The allegations triggered his move to form an opposition party, dubbed Democratic Choice of Kazakhstan (DCK) – probably in the hope that a seat in Parliament would offer him immunity from prosecution. The party was bullied by loyalists in Kazakhstan’s political arena from the very beginning, which, unfortunately, gave Ablyazov enough ammunition to claim political martyrdom later. DCK had been ambiguous both in composition and in pretences from the very start. First of all, Ablyazov’s later claim that he was the “founder” of the movement was to remain subject to doubt at best. In reality, the initiative came from Galymzhan Zhakiyanov, then governor of the northeastern province of Pavlodar. When the movement was proclaimed in November 2001, Ablyazov was still minister of energy but already under pressure through accusations of embezzlement during his job as head of KEGOC.

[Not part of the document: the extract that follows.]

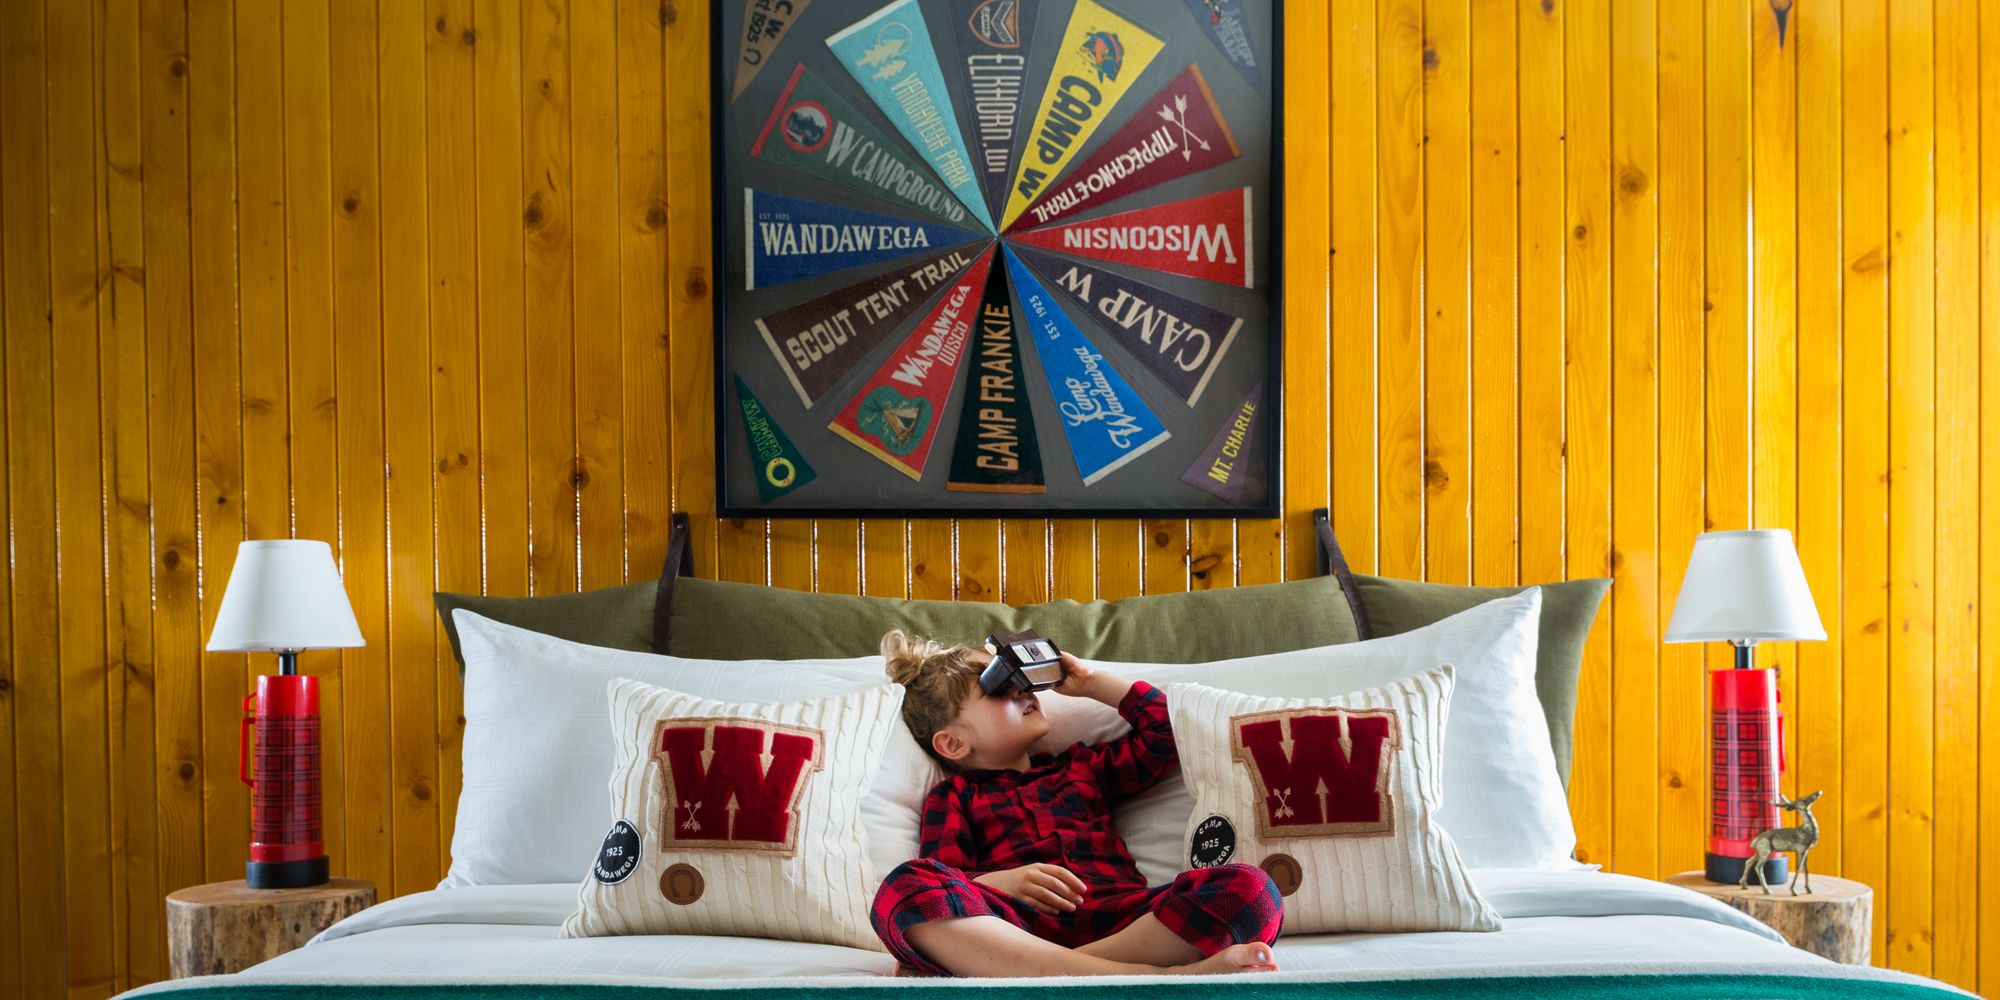 19 Design Takeaways From Small College Town Hotels - Graduate Hotels  Vintage Design Inspiration

Other cabinet members within DCK’s ranks included deputy defence minister Zhannat Yertlesova and Kairat Kelimbetov, then deputy finance minister and later to be put in charge of the National Welfare Fund Samruk Kazyna – before returning to the government in the function of minister of economic affairs. But much worse was in place in the presence of Rakhat Aliyev, then still prominent as foreign minister, head of the National Security Council and married to President Nazarbayev’s eldest daughter. Other members included two members of Parliament, Bulat Abilov and Tholen Toktassimov. Finally, there was Nurzhan Subkhanberdin, president and CEO in Kazkommertsbank and a major shareholder in the bank.

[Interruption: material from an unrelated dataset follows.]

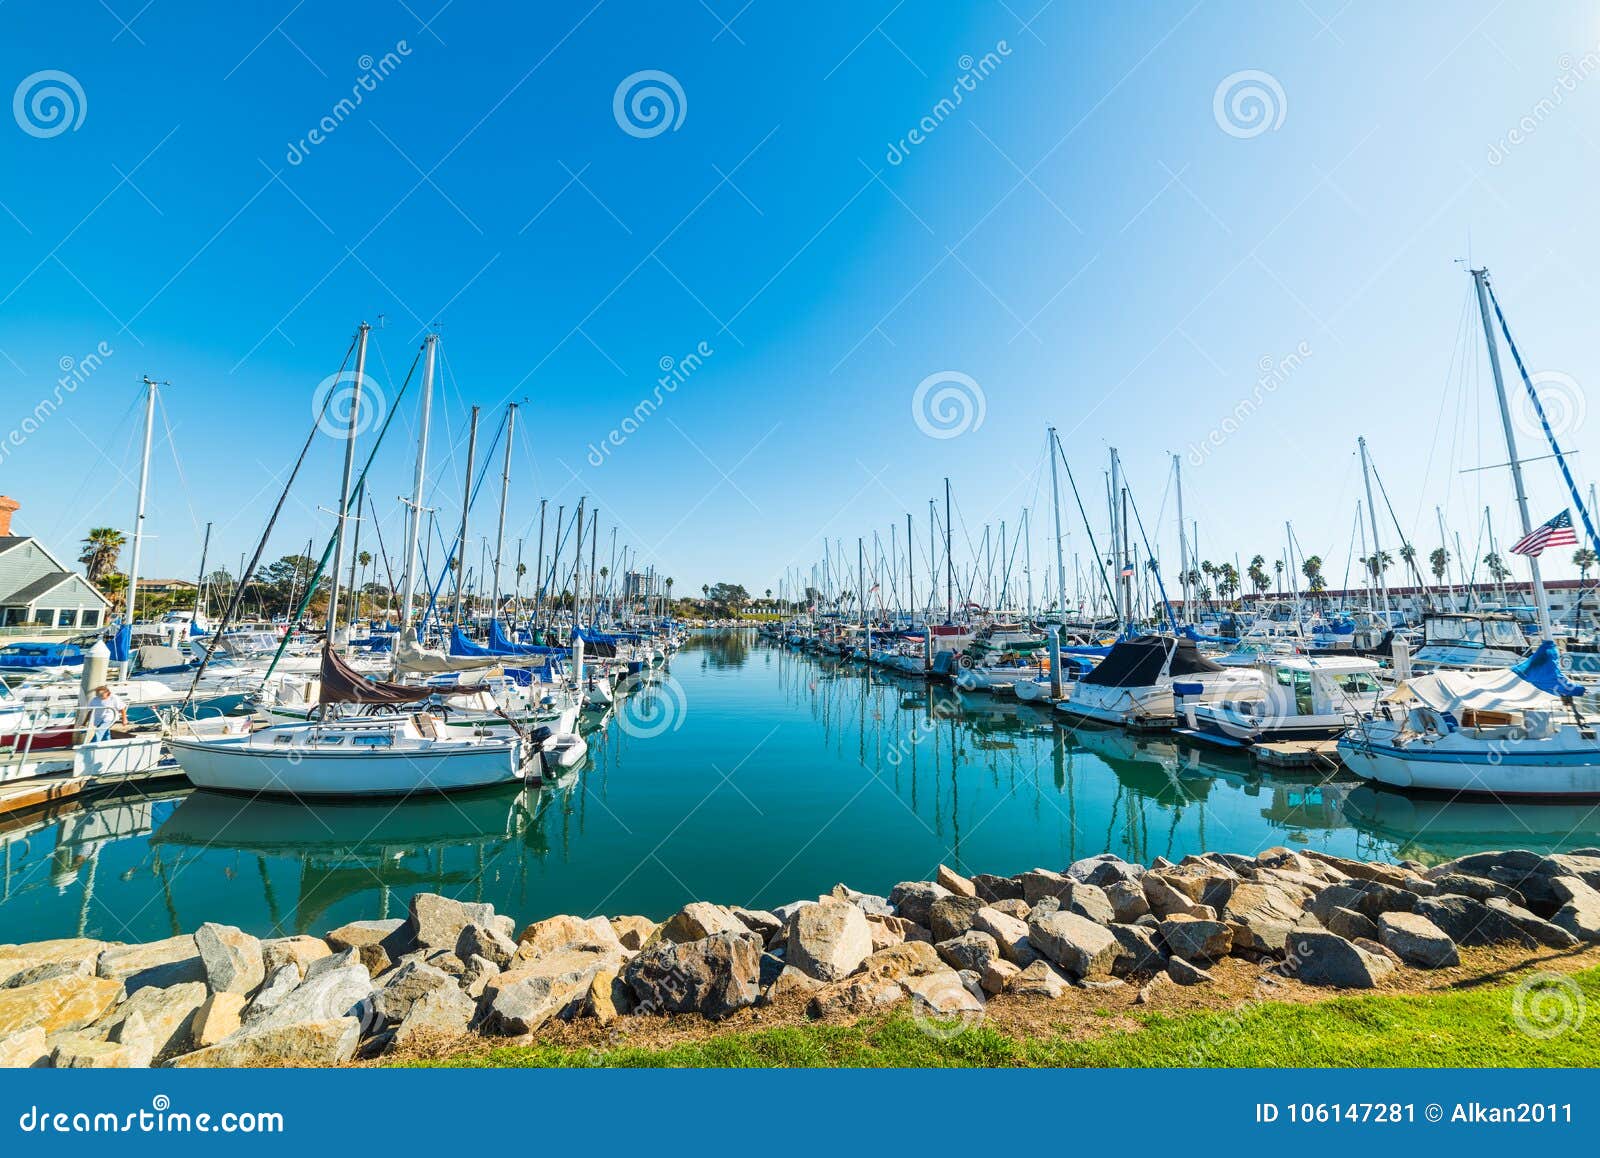 oceanside harbor on a clear day

The movement was poised to split up in the course of the following spring. Looking back, there can be little doubt that most of its prominent members had signed up less with the goal to pursue “political and economic reforms for the establishment of a free market economy” as DCK pretended, but with the sole aim to protect their own business interests against state interference and competitors. This has been beyond any doubt what the likes of Ablyazov and Aliyev had in mind. This is why all pretences of “political” character put forward by Ablyazov in later times will have to be categorically dismissed – as they have been, notably, by British courts of law in later times.

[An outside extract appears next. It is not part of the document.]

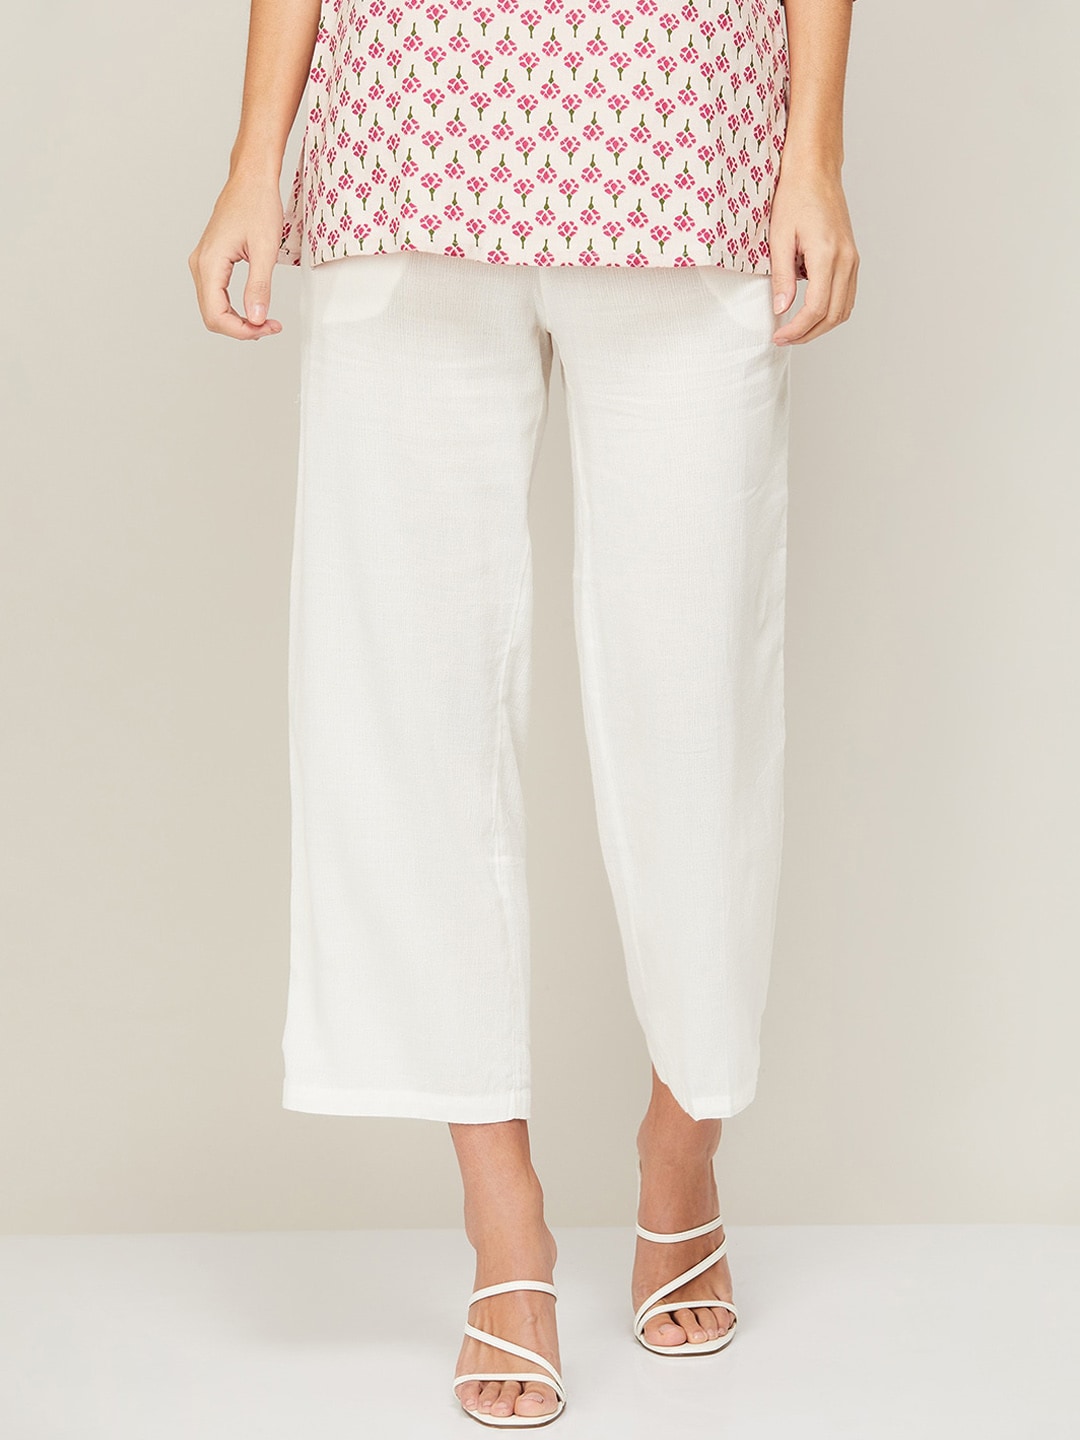 Melange by Lifestyle Women White Cotton Culottes Trousers Price in India

Only weeks after DCK’s “official” proclamation, charges of abuse of public office and public funds, forgery and embezzlement had been filed against both Zhakiyanov and Ablyazov, who in the course of the following year were to be convicted to seven and six years in prison. After having been behind bars for hardly more than a year, Ablyazov obtained amnesty. He had to promise to stay out of politics, and did so by leaving the country for Moscow, from where he consolidated his previous career’s yield, before taking the helm of Bank TuranAlem. It can now be assumed, as investigators suspect, that he used part of the embezzled cash to buy into the bank and as the biggest single shareholder obtain the position of president.

Billions of written words must have been spent on the banking crisis that emerged in 2007 and caused havoc in economies around the globe that keep rippling through into the new decade. In most reviews, rechless lending and reckless spending in the run-up to it have been blamed for the following misfortune. “Erroneous policies” pursued by banks and their executives are usually blamed for the implosion in cash provisions that cost the world’s tax payers trillion after trillion to fill pits that seemed to have no bottom. It means, though, that huge amounts of money have been used to cover sums that simply have been stolen by the world’s financial echelons. In particular in the UK and (especially) in the USA, most queries and claims by banks’ victims have in the end been “settled” through arbitration committees and supervising agencies with no judicial authority. Prosecutors have been remarkably reluctant to take on criminal cases which, looking back, would look all too justified from the very beginning.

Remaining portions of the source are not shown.